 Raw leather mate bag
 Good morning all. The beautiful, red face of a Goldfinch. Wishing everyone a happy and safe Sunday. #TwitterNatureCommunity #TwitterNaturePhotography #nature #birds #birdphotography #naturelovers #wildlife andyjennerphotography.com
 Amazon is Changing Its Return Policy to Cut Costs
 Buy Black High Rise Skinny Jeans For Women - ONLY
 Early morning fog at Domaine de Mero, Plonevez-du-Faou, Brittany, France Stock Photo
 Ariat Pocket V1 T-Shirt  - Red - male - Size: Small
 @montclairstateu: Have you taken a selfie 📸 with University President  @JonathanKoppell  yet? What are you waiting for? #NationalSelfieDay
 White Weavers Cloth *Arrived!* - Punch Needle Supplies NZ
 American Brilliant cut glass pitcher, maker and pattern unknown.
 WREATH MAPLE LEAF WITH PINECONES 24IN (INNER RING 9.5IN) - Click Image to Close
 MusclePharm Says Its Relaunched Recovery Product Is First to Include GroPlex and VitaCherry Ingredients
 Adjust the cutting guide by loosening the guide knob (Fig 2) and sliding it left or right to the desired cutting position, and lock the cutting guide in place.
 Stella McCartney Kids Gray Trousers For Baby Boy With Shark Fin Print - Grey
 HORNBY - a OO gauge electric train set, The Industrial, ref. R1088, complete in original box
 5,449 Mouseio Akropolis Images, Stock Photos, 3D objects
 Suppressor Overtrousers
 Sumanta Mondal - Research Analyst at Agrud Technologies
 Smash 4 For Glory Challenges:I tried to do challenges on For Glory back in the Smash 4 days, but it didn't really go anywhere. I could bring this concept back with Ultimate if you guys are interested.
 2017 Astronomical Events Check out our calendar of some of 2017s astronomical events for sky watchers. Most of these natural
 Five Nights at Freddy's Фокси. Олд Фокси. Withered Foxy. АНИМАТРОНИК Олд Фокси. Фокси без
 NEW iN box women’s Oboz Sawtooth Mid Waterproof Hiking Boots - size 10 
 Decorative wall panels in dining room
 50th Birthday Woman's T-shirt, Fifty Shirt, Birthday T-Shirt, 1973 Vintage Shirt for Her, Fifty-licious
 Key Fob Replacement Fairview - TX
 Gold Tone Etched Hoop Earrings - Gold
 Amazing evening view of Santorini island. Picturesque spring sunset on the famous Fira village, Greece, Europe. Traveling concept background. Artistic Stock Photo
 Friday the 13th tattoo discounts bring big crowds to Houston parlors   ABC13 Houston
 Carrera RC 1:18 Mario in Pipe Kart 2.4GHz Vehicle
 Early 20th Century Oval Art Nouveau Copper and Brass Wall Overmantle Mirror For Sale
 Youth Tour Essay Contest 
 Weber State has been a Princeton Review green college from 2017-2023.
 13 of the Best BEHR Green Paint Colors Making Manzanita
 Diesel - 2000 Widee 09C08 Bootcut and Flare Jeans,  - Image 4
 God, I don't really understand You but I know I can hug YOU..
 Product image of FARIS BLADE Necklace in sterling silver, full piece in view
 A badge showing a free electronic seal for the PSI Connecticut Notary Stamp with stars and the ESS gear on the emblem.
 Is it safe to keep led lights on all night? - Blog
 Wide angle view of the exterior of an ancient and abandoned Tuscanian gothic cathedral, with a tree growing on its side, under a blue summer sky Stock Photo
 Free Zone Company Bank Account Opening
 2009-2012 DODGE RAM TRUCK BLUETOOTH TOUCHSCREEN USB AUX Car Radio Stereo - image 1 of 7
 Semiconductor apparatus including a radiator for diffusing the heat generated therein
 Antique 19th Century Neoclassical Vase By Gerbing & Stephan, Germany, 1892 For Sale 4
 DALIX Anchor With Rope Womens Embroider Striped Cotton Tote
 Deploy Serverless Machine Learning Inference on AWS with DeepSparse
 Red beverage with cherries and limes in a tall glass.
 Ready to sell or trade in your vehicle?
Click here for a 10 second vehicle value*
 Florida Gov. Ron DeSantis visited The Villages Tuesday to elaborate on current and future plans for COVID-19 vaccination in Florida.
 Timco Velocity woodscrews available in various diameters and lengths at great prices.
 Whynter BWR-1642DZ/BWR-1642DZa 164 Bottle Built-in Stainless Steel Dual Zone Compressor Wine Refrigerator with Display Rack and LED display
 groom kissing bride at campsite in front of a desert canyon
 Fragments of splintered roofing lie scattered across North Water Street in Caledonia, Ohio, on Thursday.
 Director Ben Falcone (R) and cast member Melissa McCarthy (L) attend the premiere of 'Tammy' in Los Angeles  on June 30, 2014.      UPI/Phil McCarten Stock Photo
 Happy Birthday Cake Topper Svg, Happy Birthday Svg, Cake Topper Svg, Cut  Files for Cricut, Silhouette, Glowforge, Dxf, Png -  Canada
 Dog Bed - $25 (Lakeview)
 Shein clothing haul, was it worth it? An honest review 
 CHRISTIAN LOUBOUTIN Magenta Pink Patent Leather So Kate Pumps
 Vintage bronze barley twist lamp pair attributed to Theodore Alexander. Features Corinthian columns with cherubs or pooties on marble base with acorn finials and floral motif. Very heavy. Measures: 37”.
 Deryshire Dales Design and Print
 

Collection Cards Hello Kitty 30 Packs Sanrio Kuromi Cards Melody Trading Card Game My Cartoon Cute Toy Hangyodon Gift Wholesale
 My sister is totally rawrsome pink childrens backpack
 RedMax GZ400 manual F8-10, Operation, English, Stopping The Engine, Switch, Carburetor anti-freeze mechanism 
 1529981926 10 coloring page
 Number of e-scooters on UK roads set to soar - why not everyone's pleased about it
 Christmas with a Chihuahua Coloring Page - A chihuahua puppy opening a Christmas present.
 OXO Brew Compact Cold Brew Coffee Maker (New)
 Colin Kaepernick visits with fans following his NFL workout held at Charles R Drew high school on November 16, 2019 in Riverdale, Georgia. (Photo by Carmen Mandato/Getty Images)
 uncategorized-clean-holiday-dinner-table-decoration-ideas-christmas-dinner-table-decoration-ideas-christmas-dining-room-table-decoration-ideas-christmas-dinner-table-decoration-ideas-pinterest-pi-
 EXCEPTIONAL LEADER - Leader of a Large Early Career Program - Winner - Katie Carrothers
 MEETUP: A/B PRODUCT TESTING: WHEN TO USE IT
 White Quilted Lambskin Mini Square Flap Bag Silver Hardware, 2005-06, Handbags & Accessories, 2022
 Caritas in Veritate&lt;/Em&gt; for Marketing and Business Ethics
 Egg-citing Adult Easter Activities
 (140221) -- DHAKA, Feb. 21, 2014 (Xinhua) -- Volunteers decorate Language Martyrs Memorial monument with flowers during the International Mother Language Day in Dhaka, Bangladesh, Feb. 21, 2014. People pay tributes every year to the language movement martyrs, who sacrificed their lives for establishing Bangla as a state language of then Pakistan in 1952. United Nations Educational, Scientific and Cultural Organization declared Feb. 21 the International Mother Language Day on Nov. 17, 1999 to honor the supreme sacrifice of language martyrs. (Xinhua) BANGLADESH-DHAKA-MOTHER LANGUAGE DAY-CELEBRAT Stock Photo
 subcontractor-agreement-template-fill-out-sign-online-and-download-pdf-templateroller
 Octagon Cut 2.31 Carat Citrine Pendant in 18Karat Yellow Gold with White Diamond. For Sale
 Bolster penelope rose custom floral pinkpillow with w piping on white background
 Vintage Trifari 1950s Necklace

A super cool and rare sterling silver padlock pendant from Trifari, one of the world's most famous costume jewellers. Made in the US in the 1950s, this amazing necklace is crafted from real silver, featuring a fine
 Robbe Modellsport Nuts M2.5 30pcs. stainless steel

+ + + + + + +

# ACTION ITEM
Output exactly one stretch of the listing: from the line containing "EXCEPTIONAL LEADER - Leader" through the line containing "Egg-citing Adult Easter Activities", both end lines included.

# SOLUTION FOR THIS EXERCISE
 EXCEPTIONAL LEADER - Leader of a Large Early Career Program - Winner - Katie Carrothers
 MEETUP: A/B PRODUCT TESTING: WHEN TO USE IT
 White Quilted Lambskin Mini Square Flap Bag Silver Hardware, 2005-06, Handbags & Accessories, 2022
 Caritas in Veritate&lt;/Em&gt; for Marketing and Business Ethics
 Egg-citing Adult Easter Activities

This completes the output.